In order to provide a simple and easy-to-use tool, the inputs are mainly entered from drop-down lists on the Input Parameters worksheet. All the required input parameters for the computations are introduced and explained. Typical values are provided for each parameter and since the methodology uses qualitative estimates on some parameters, the assumed values are also indicated in different tables.
For example, the heating and cooling applications are selected from drop-down lists. There are twenty-three options available for the heating generation and twelve options for the cooling technology.
The results are presented on three worksheets, 4. to 6.

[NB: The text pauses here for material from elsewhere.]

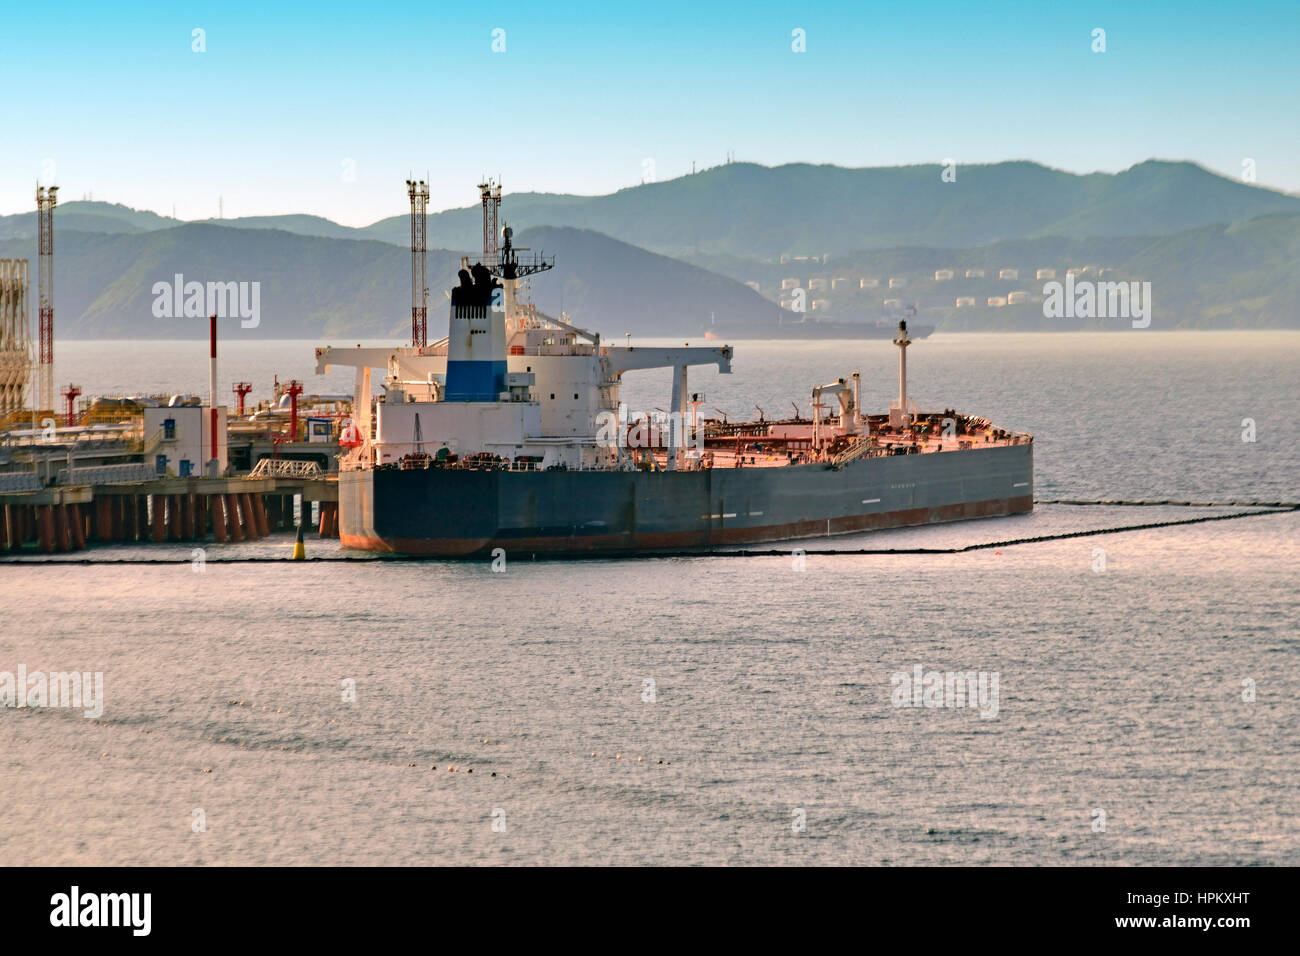 tanker loaded with crude oil at the port, around established security zones Stock Photo

Heating and cooling load worksheet
The "Heating and Cooling Load" worksheet is a report that summarises all the characteristics of the site conditions and the parameters entered by the user. The output for the building design heating and cooling loads as well as the building heating and cooling energy demands are also shown. In addition, the model calculates the corresponding exergy quantity for each variable by using a quality factor depending on outside and inside air conditions. The quality factor for the design exergy load is calculated using a constant design temperature. The quality factor for the exergy demand is calculated using variable temperature bins.
Heating worksheet
The "Heating" worksheet is a report that summarises the heating application assessment from both the energy and exergy situations. All the components of the heating process are indicated, as selected by the user, with their characteristics and estimated parameters. The worksheet produces the energy and exergy analyses as flow patterns along the different subsys tems. These analyses are presented in two formats, as tables and curves in the provided figure. The extent of the exergy losses in each subsystem can be deduced from the figure.
Cooling worksheet
Similarly to the "Heating" worksheet, the "Cooling" worksheet is a report that summarises the cooling application assessment from both the energy and exergy situations. All the components of the cooling process are indicated, as selected by the user, with their characteristics and estimated parameters. The worksheet produces the energy and exergy analyses as flow patterns along the different subsystems. These analyses are presented in two formats, as tables and curves in the provided figure. The extent of the exergy losses in each subsystem can be deduced from the figure (see Figure 29).